━━━━━ Information provided
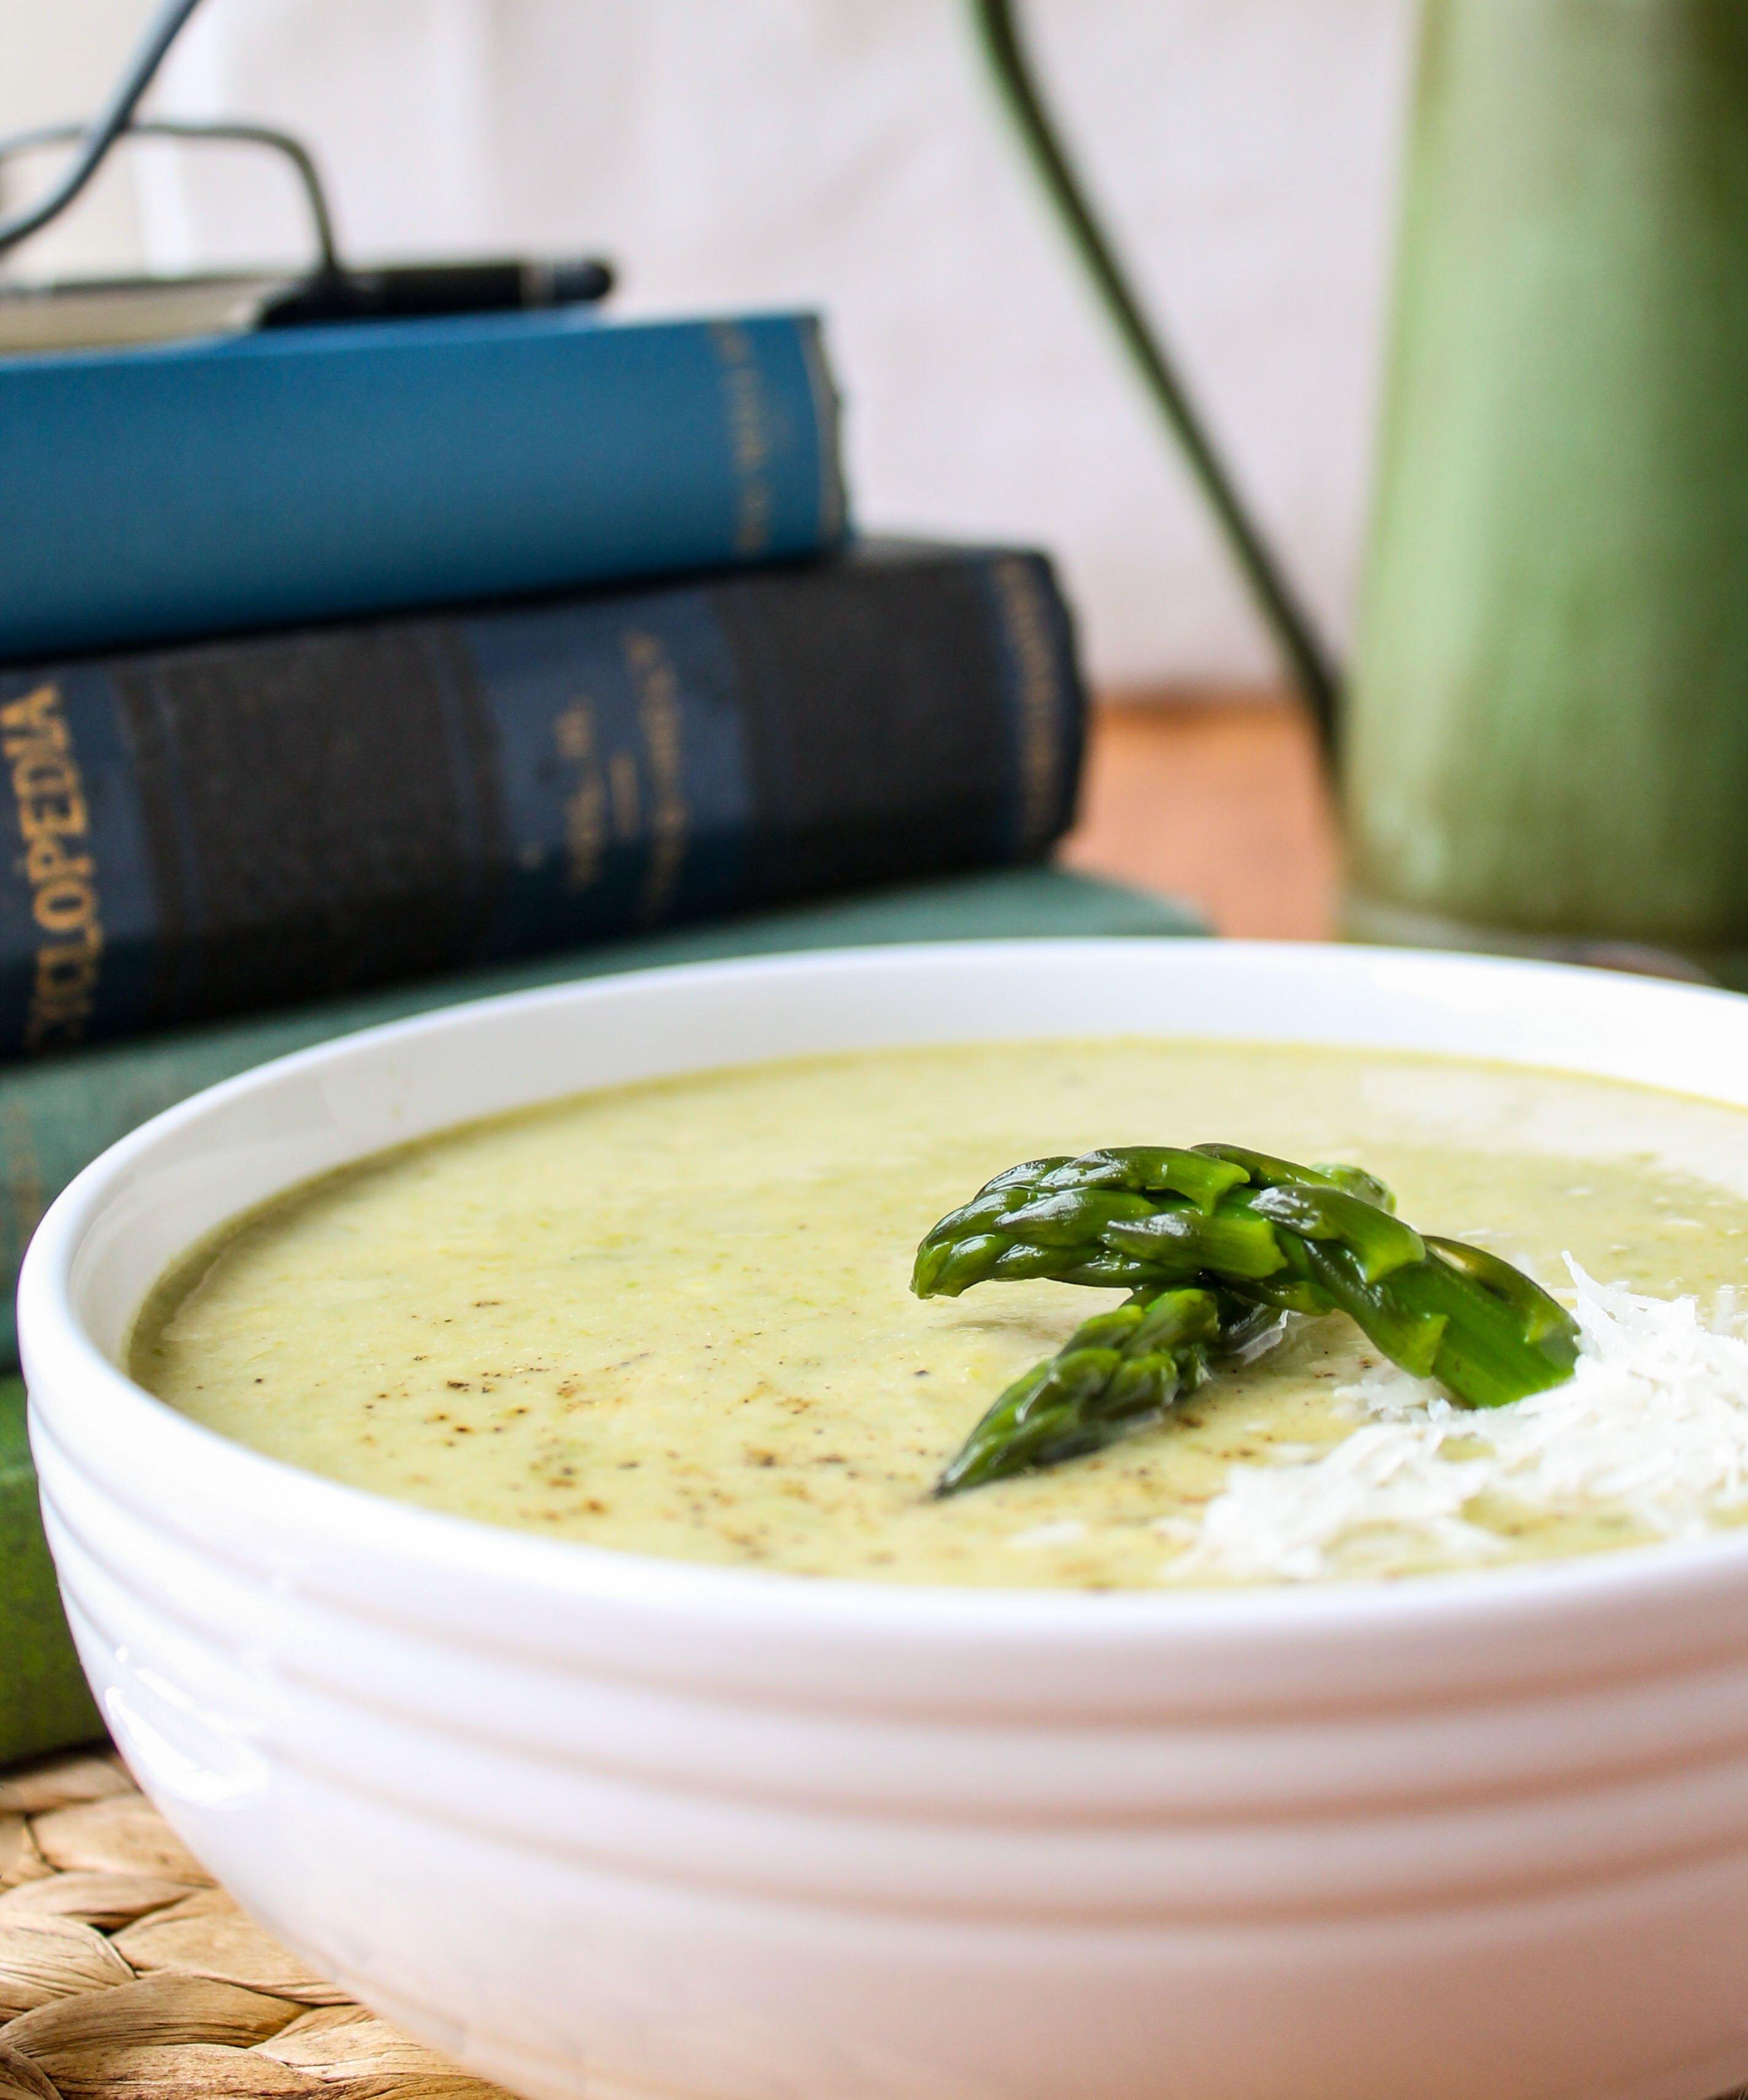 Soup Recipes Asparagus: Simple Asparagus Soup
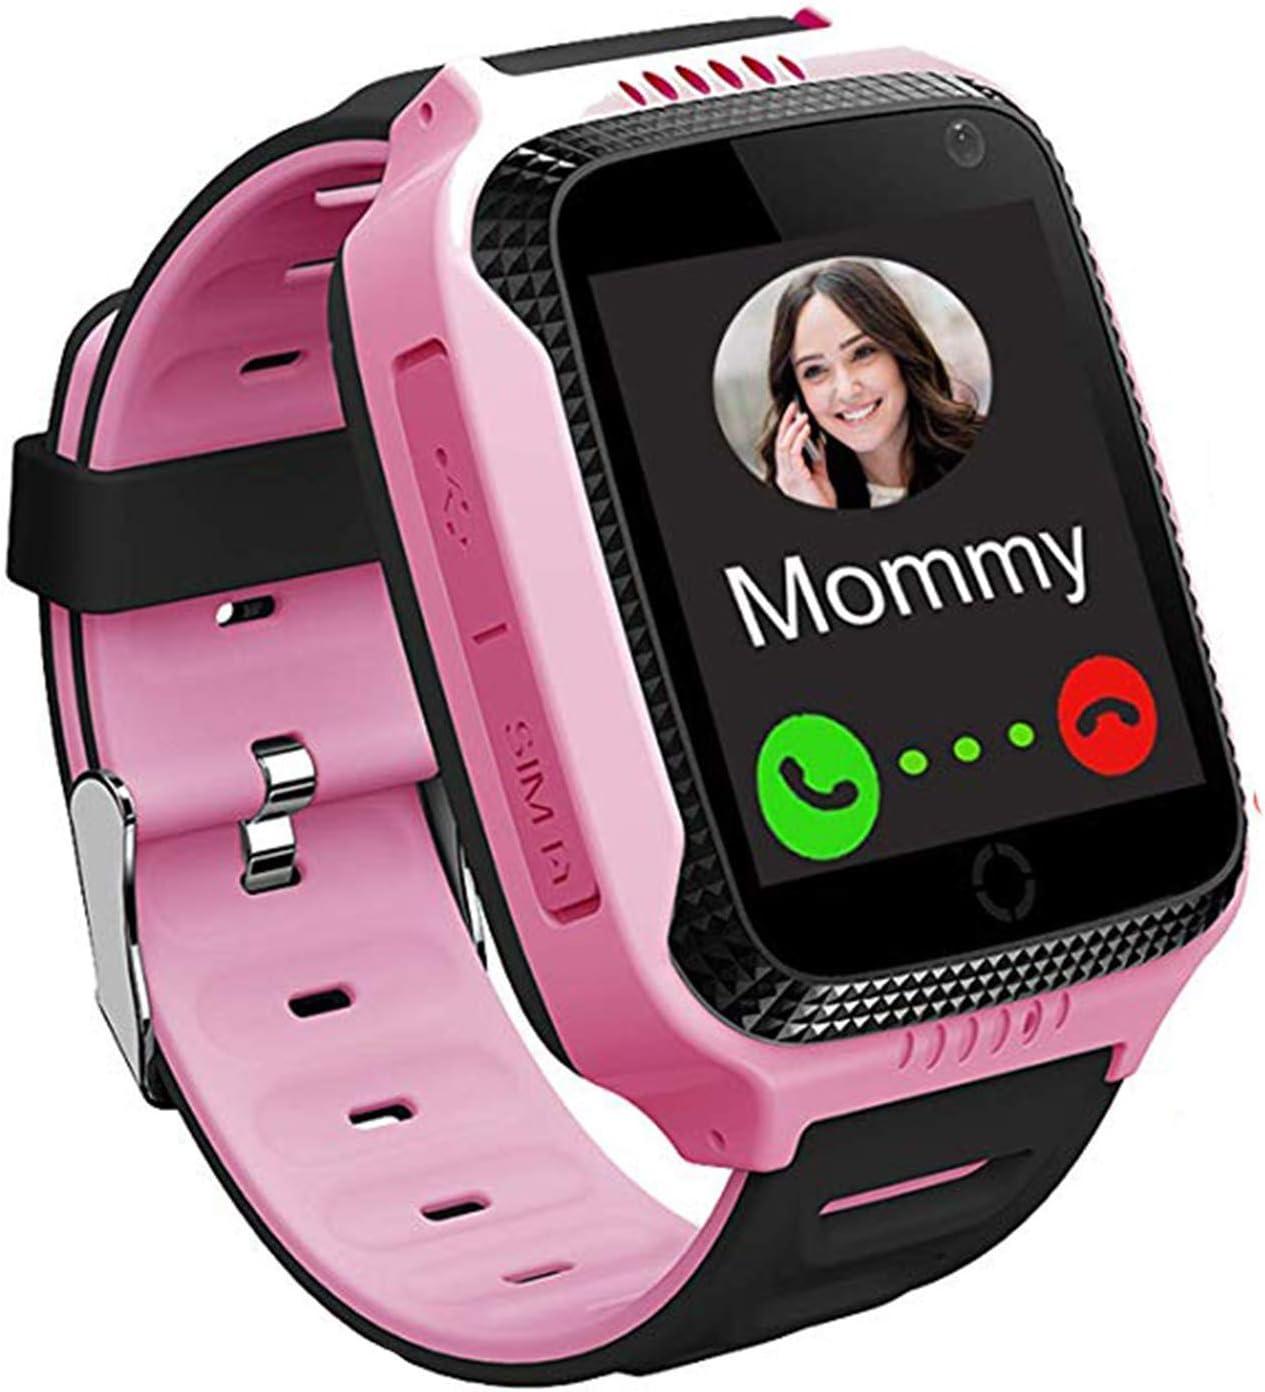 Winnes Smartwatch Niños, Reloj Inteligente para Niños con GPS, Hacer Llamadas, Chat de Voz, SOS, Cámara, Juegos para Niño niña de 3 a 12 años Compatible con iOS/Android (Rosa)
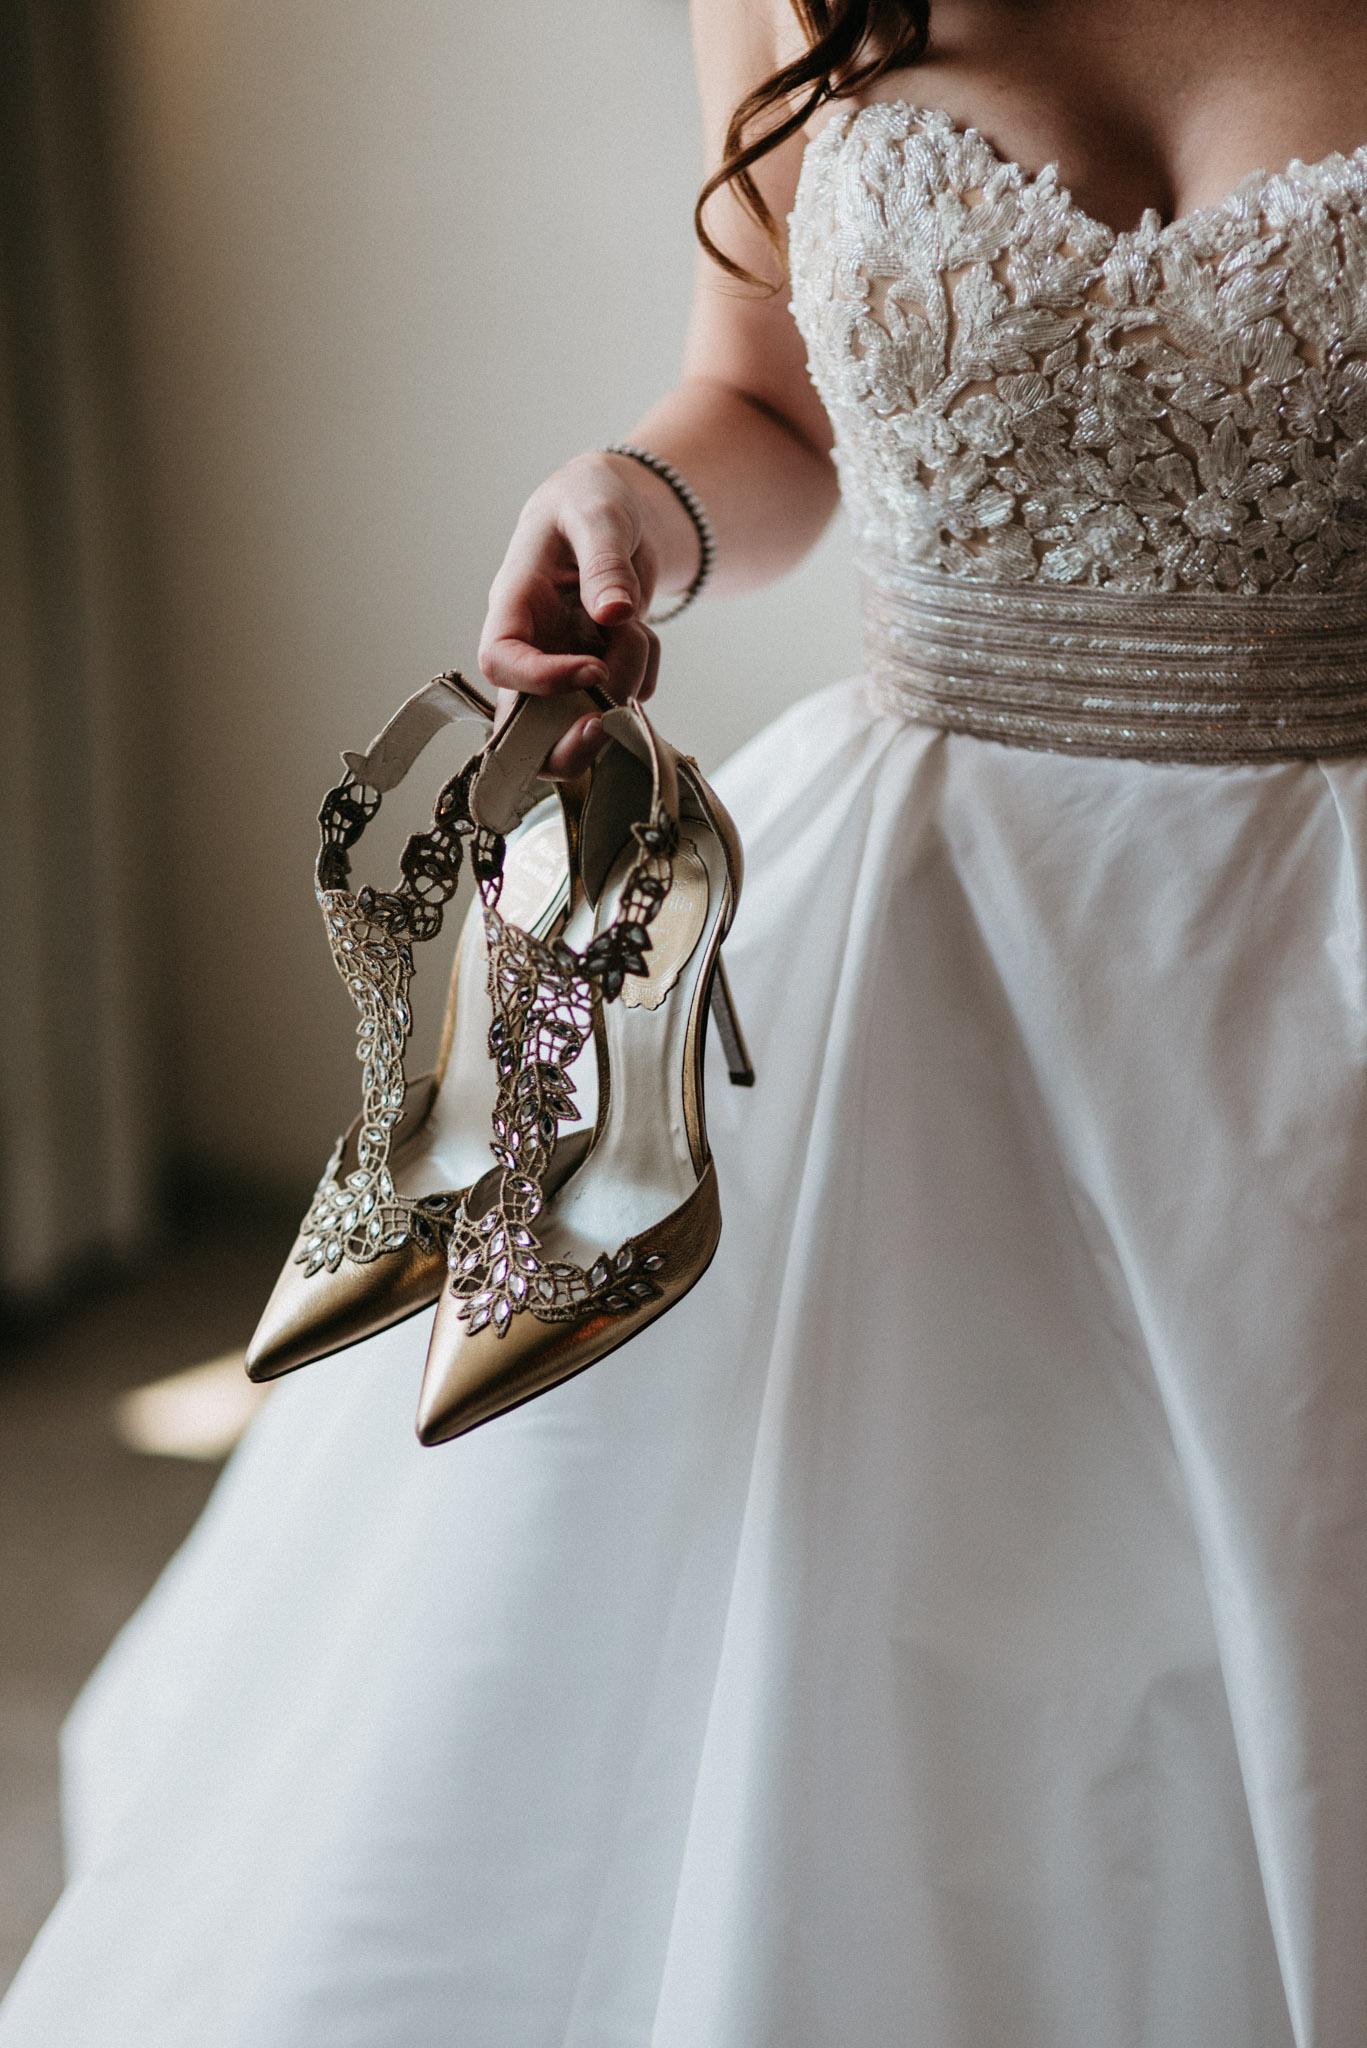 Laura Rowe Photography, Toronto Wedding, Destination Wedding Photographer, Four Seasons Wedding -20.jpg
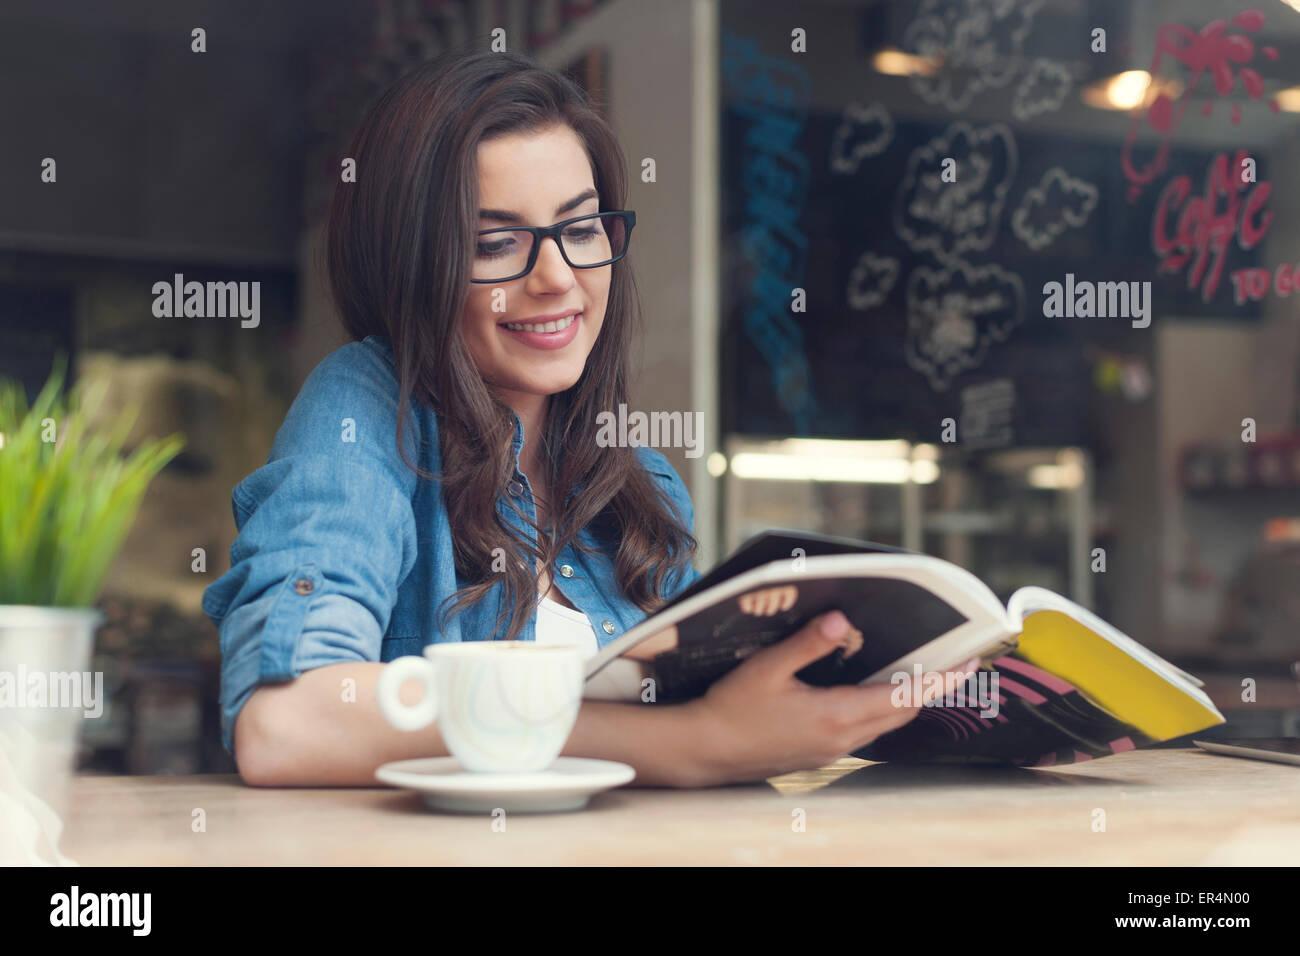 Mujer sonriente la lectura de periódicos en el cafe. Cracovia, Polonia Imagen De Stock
━━━━━━━━━━
*What the exercise asks*: Do not include the pictures. Quote only the lines from the line with "Winnes Smartwatch Niños, Reloj" through the end of the material, both ends included, exactly.

*Task answer*:
 Winnes Smartwatch Niños, Reloj Inteligente para Niños con GPS, Hacer Llamadas, Chat de Voz, SOS, Cámara, Juegos para Niño niña de 3 a 12 años Compatible con iOS/Android (Rosa)
 Laura Rowe Photography, Toronto Wedding, Destination Wedding Photographer, Four Seasons Wedding -20.jpg
 Mujer sonriente la lectura de periódicos en el cafe. Cracovia, Polonia Imagen De Stock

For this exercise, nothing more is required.